YIM yang nitizen sebut dengan “Prof. Micky Mouse” tanggalkan “Jas Kebesaran”
sebagai pengacara kawakan untuk turun pasar demi raup dukungan politik, bahkan sang
profesor yang seharusnya kelas calon presiden, turun tangga jadi calon gubernur
hanya karena gemas dengan Ahok. Pengusaha kondang, SU tiba-tiba menjadi
“pemulung” sampah di Car Free Day untuk cari perhatian publik Jakarta. Sejumlah
politikus bersumpah palsu akan terjun dari Tugu Monas dan potong telinga, dukun
santet menjadi kurang waras. Media sekelas Koran Tempo kebingungan tidak tahu
mau dukung atau lawan Ahok akibat tidak kebagian “kue”. Ada lagi lembaga DPR sempat
hilang kontrol ingin panggil Ahok untuk dengar pendapat kasus Sumber Waras,
padahal itu bukan wewenang mereka. FPI melantik gubernur abal-abal untuk
menentang Ahok. Kini keputusan Ahok tentang Sumber Waras menjadi “Sumber tidak Waras”.
Fakta, Ahok dan BPK
Setidaknya,
ada empat ronde yang memicu kasus Sumber Waras membumi. Pertama, lokasi. Versi BPK, lokasi lahan Sumber Waras berada di Tomang
Utara, tetapi versi Ahok berada di Kiyai Tapa. Faktanya, berdasarkan sertifikat BPN tanggal 27 Mei 1996 dengan
status HGB nomor 2878, lokasi tanah terletak di jalan Kiyai Tapa. Sama dengan
versi Ahok. Kedua, Nilai Jual Objek Pajak (NJOP). Seperti
biasa, harga jual tanah selalu tergantung pada lokasinya. Karena menurut BPK letaknya
di Tomang Utara, maka harga jual tanah Sumber Waras seharusnya 7jt/m pesergi,
tetapi versi Ahok, harga tanahnya 20,7jt/m persegi karena letaknya di jalan
Kiyai Tapa. Faktanya, berdasarkan
faktur yang ditandatangani Kepala unit pelayanan Pajak Grogol, NJOP tanah
sumber waras 20,7jt/m dan berada di jalan Kiyai Tapa. Lagi-lagi sama dengan Ahok.

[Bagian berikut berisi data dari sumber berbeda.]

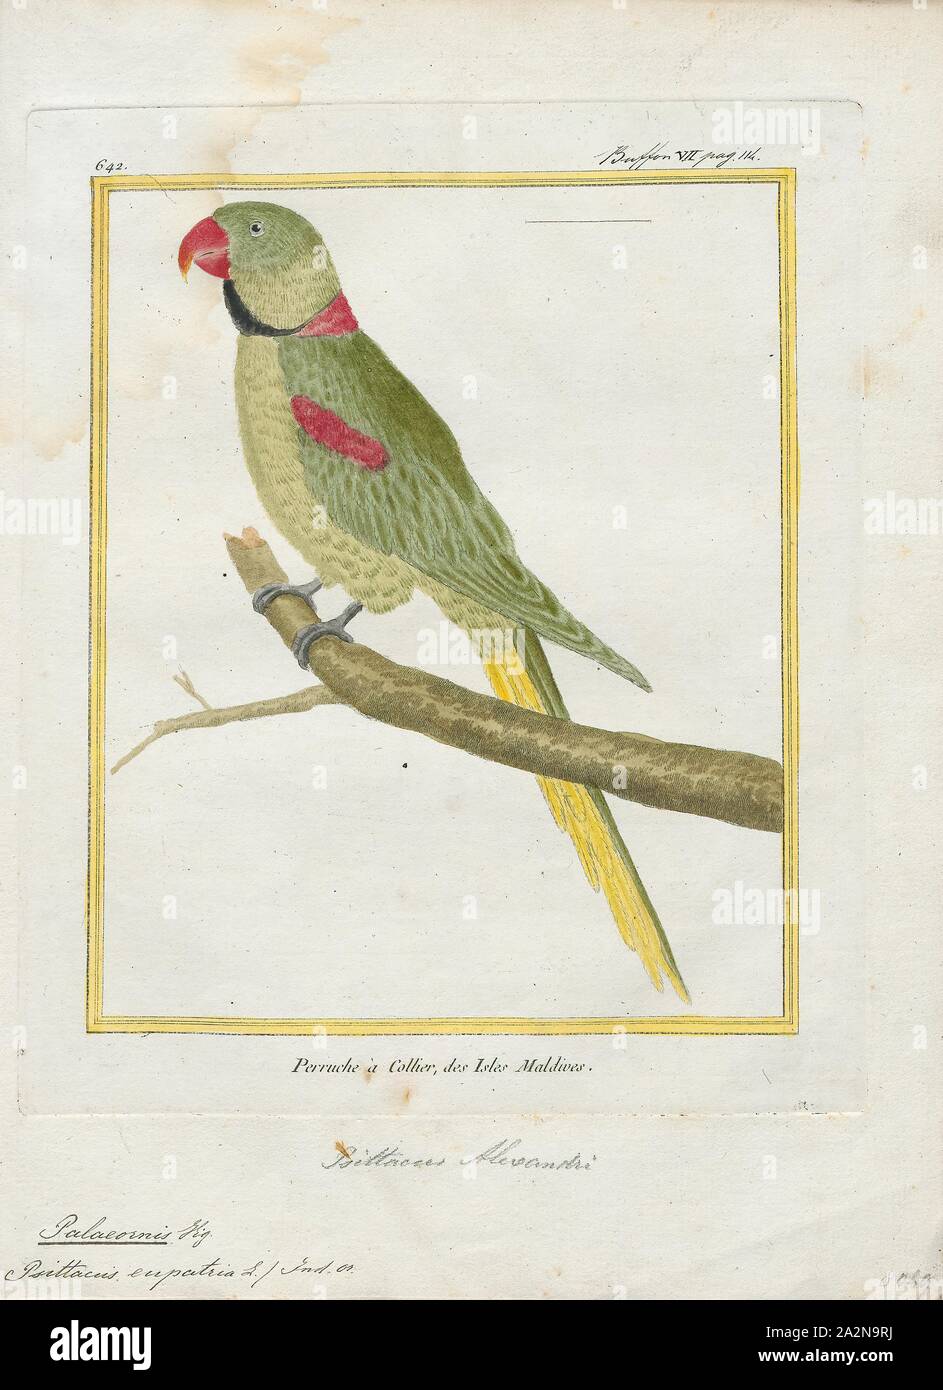 Palaeornis eupatria, Print, Psittacula, Members of the parrot genus Psittacula or Afro-Asian ring-necked parakeets as they are commonly known in aviculture originates found from Africa to South-East Asia. It is a widespread group, with a clear concentration of species in south Asia, but also with representatives in Africa and the islands of the Indian Ocean. This is the only genus of Parrot which has the majority of its species in continental Asia. Of all the extant species only Psittacula calthropae, Psittacula caniceps and Psittacula echo do not have a representative subspecies in any part Stock Photo

Ketiga, kerugian Negara. Menurut BPK, sebelumnya ada tawaran Ciputra harga
tanah tersebut hanya 564 miliar, tetapi Pemprov DKI membeli dengan harga 755
miliar atau 20,7jt/m. Karena itu, menurut BPK, ada mark up harga 191 miliar.
Namun menurut Ahok, tawaran Ciputra tersebut masih berpatokan pada NJOP tahun
2013, sedangkan Ahok membeli lahan itu pada tahun 2014, yang mana NJOP sudah
naik 80%. Faktanya, berdasarkan SIM PBB-P2
dari Dirjen Pajak, NJOP Sumber Waras sudah naik dari 12,2jt/m tahun 2013, menjadi
20,7jt/m pada tahun 2014. Lagi-lagi sejalan dengan versi Ahok. Keempat, BPK mengklaim, pembelian lahan
tidak melalui kajian dan dan perencanaan pihak yang berwenang, tetapi kata
Ahok, pembelian tersebut sudah dibahas bersama DPRD DKI. Faktanya, pembelian lahan Sumber Waras tercantum dalam KUA-PPAS
2014 Perubahan yang ditandatangani 4 pimpinan DPRD, yakni Ferrial Sofyan, Boy
Sadikin, Triwisaksaria dan Lulung Lunggana.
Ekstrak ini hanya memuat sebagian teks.